The interview opens with the obvious question: Nvidia is down hard from its highs, so is the AI trade over? Tay Kim basically laughs it off. He says the chip sector is flat on the year, Nvidia is down about 10%, and the mood feels exactly like prior freak-outs over DeepSeek, tariffs, and now Iran/oil — scary macro overlays while the business itself keeps flying.

Agents and coding assistants are driving a real compute crunch

Once they move from stock chatter to product reality, Kim's main point is simple: inference demand is ripping. He says conversations with engineers at Meta, Google, and Nvidia all point to AI compute shortages, and the hosts pile on with examples of coders hitting rate limits, paying for multiple model plans, and even using bots to snipe B200 GPUs — "like sneaker bots but for NeoClouds." The vibe is gold-rush, not glut.

Why Jensen's Groq move fits Nvidia's playbook

Kim frames the Groq asset acquisition as classic Jensen Huang: spot the shift in where value is forming, then lock in the missing piece. He compares it to the 2019 Mellanox deal, where Nvidia anticipated giant GPU clusters and bought the networking layer; now it's doing something similar for low-latency inference in an agent world. His rough framing is that maybe 25% of inference wants the Groq-style setup, while 75% still belongs to Vera Rubin — together, that mix makes Nvidia stronger, not less GPU-centric.

GTC's deeper message: AI still has a long runway for improvement

Kim says his biggest GTC takeaway wasn't just Nvidia's own roadmap but a session featuring Jeff Dean and Bill Dally, the chief scientists of Google and Nvidia. He points to context-window innovations that can focus on the right 10,000 documents, memory stacked directly on top of GPU/TPU, and synthetic audio/video data as evidence that model progress is nowhere near done. Add in Anthropic's rumored step-function jump and OpenAI's coming model release, and his message is that multiple technical vectors are still pushing demand up.

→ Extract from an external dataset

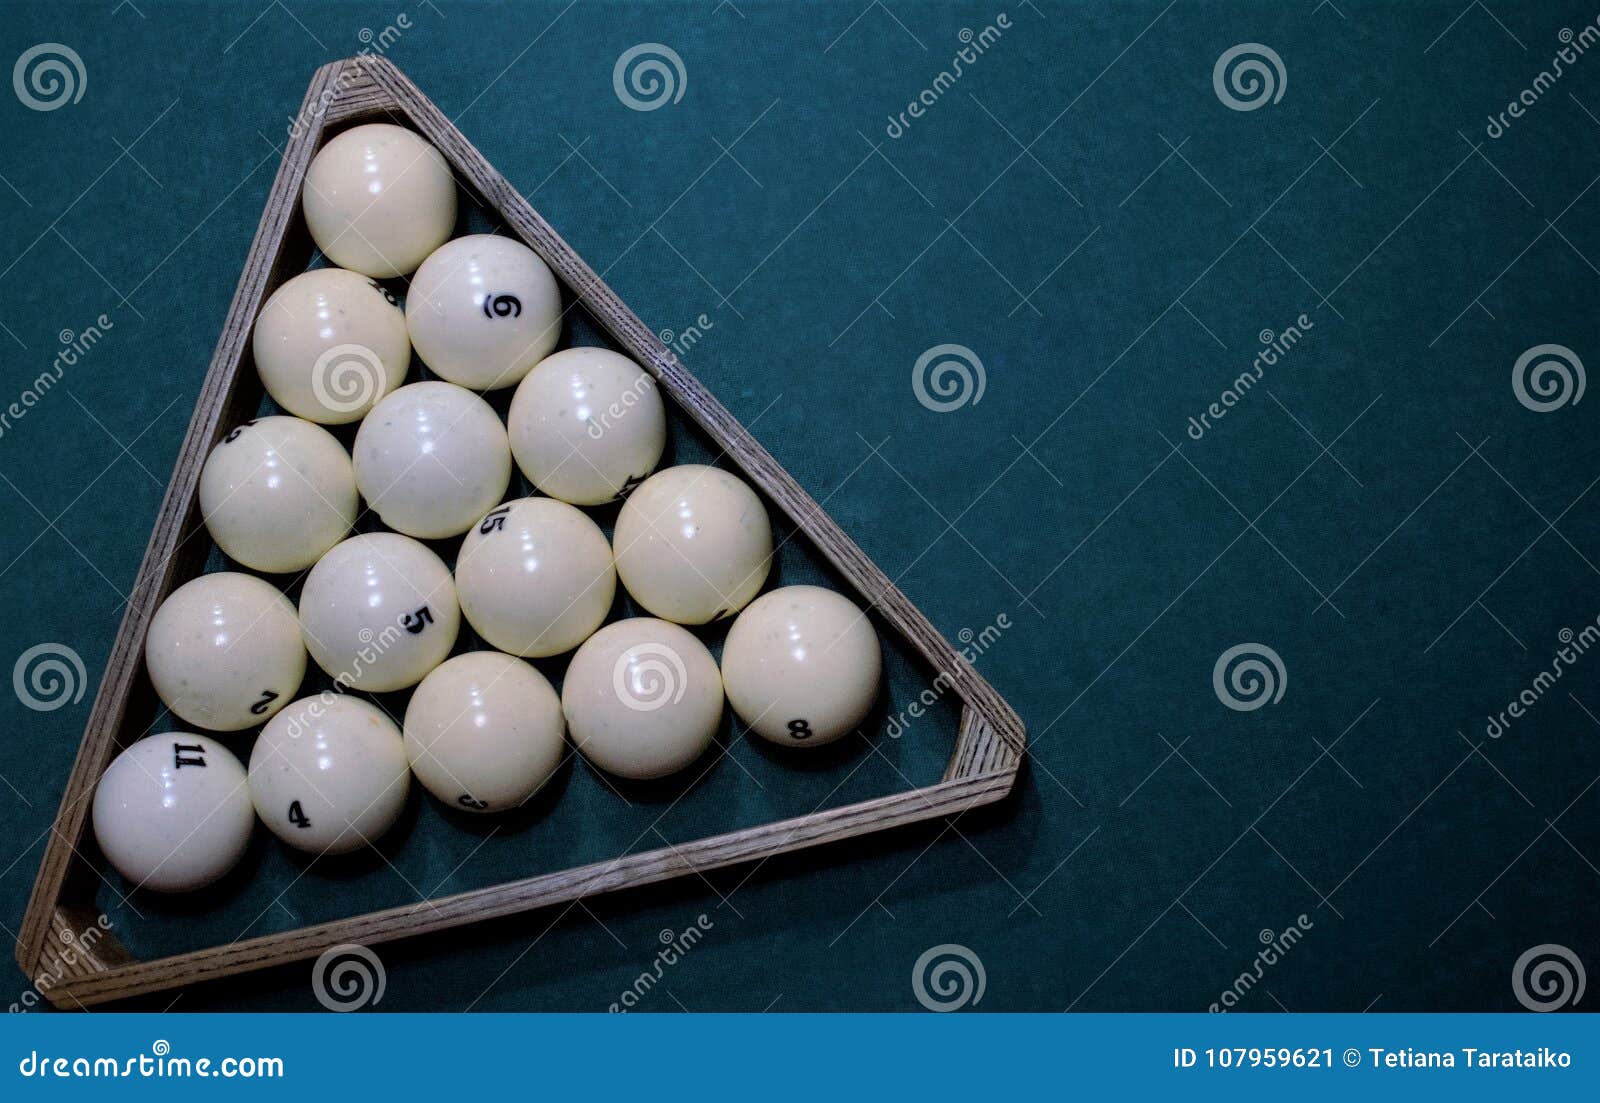 Russian Billiard Balls Triangle Stock Image - Image of balls, snooker ...

Open source, China, and the quiet significance of H200 approvals

On Nvidia funding an open-source frontier lab, Kim doesn't see a huge strategic break — he says the planned spend is small relative to OpenAI or Anthropic, and Nvidia wins as long as GPUs are being used anywhere. The conversation then turns to China, where he notes Jensen said Nvidia had licensing approvals on both the U.S. and China sides, implying billions in H200 orders could follow. The host's point is that unlike Meta, Nvidia actually has assets to negotiate with in China.

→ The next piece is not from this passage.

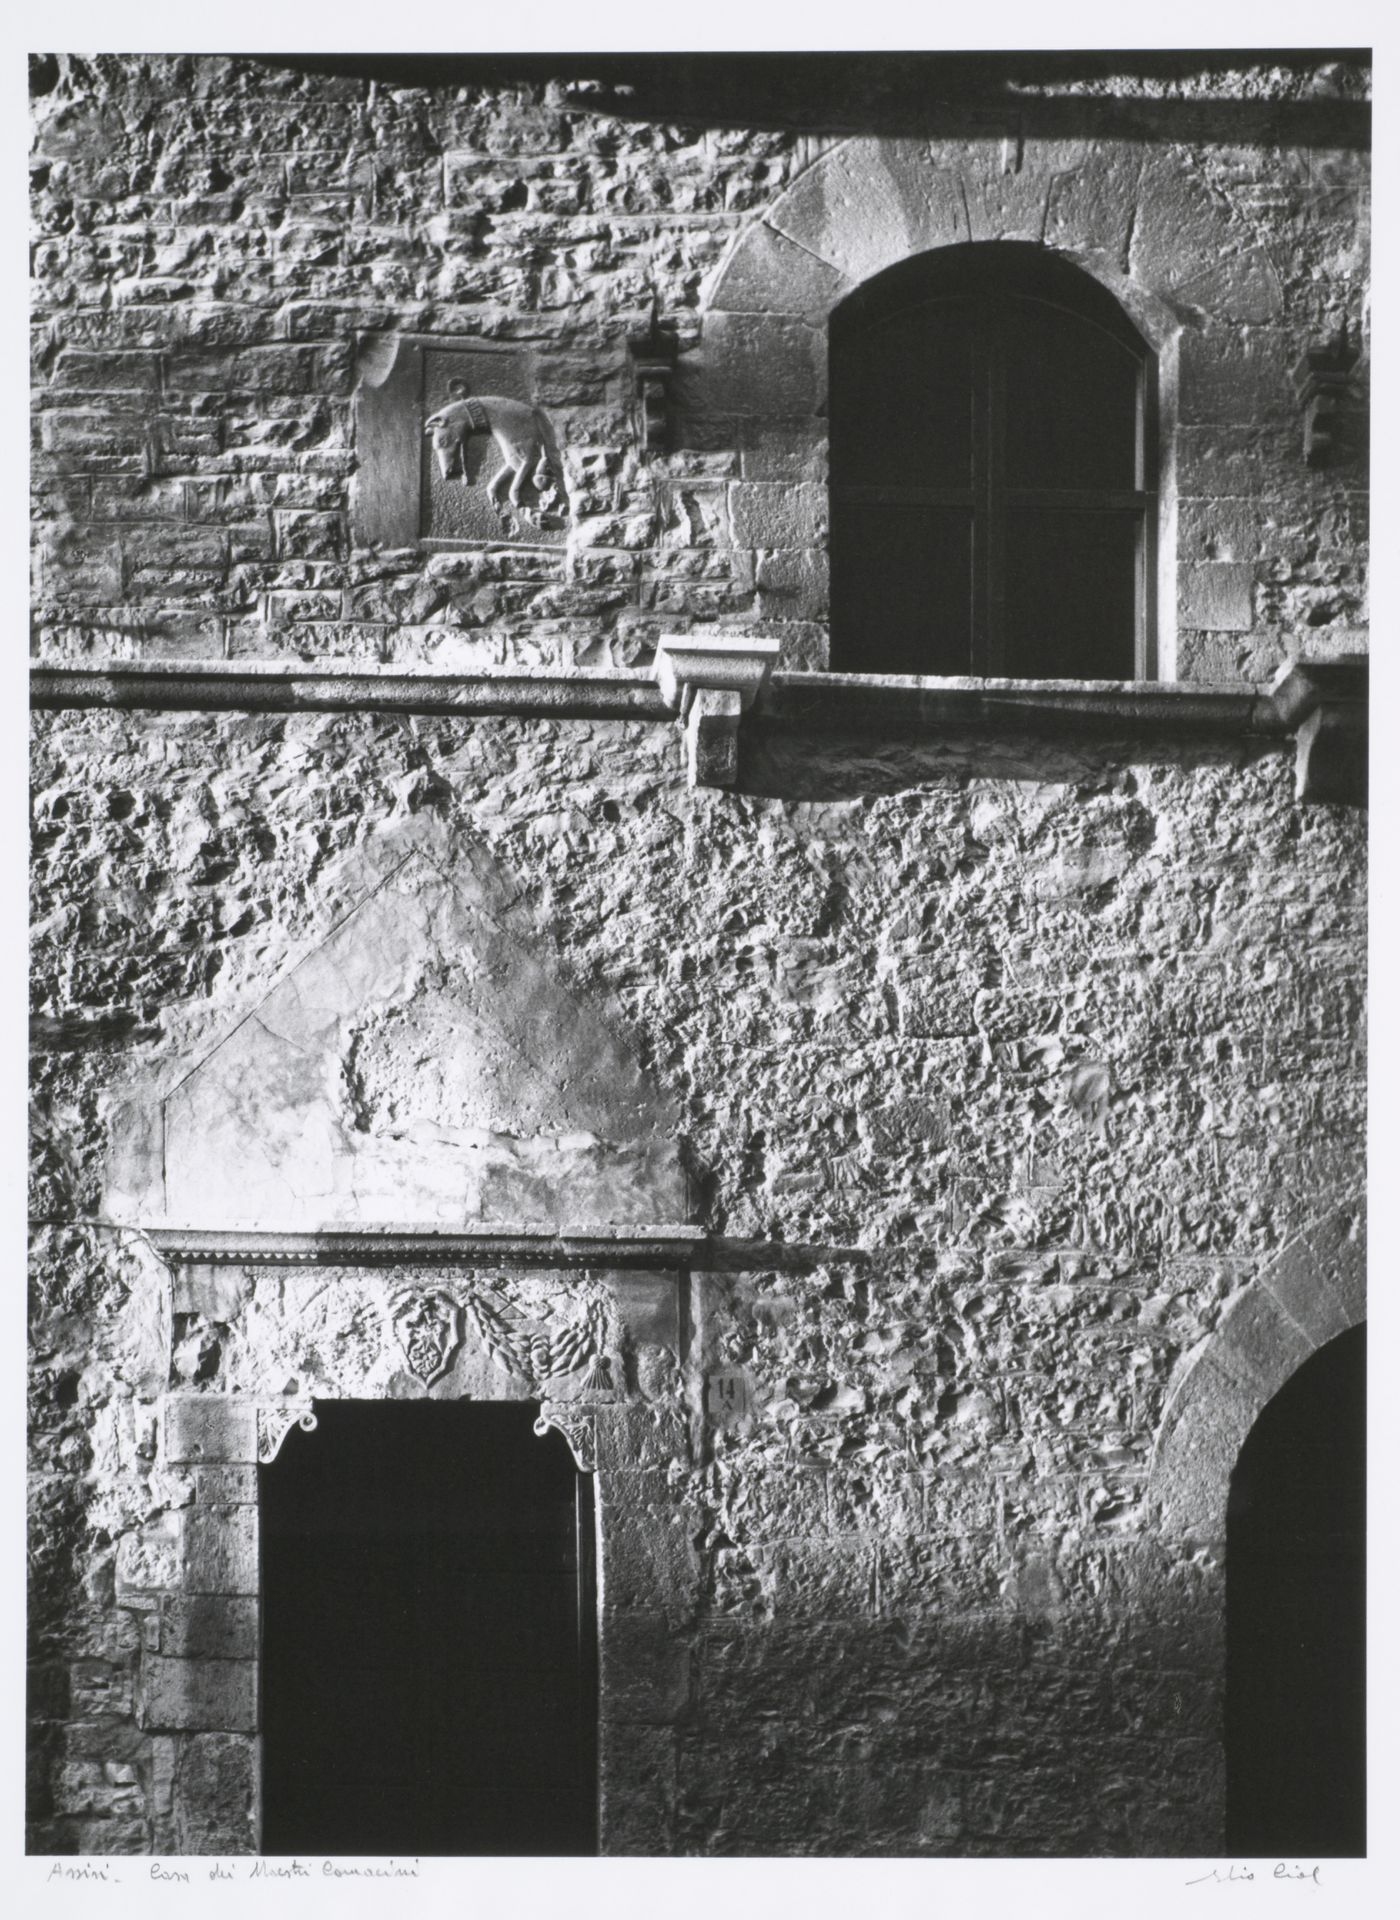 Casa dei Maestri Comacini, detail of façade, Assisi, Italy

The next shortage may be CPUs, not just GPUs

The supply discussion broadens fast. Kim says Nvidia is in the driver's seat with TSMC because Jensen visits constantly, has deep relationships, and can prepay tens of billions to secure wafers and CoWoS, but the industry as a whole is still headed into shortages. He thinks an underappreciated trend is a CPU crunch: Dell, AMD, and Intel's CFO are all talking about 3-5 year supply commitments, and ARM's own comments support the idea that AI agents need much more CPU horsepower for orchestration, tool calls, database queries, and web search.

Why Terra Fab sounds much easier in pitch than in reality

Asked for the bull case on Elon's Terra Fab idea, Kim basically won't take the bait. He says fabs are constrained by semicap equipment from ASML and Applied Materials, and chipmaking is "almost like cooking" — too much tacit trial-and-error knowledge to brute-force overnight. The hosts riff on the cultural side too: unlike AI talent in San Francisco, Taiwan's TSMC workforce feels unusually mission-driven, which makes the idea of a simple talent raid even less realistic.

Depreciation fears, helium risk, and where token demand goes next

Kim dismisses the current panic about GPU depreciation, citing CoreWeave's claim that systems last 5-6 years and still fetch 90-95% of pricing, with even older GPUs rented out because demand is so strong. On helium, he says there is roughly 6-9 months of channel inventory, so it only becomes a real issue if geopolitical disruption drags on. The closing stretch gets more practical: Kim argues codegen is still early, then gives a concrete example from his own work — pulling same-store sales for Chipotle and Cava used to take him hours manually, but now Gemini and ChatGPT get it right in a minute or two, which is exactly how agents start eating the boring parts of knowledge work.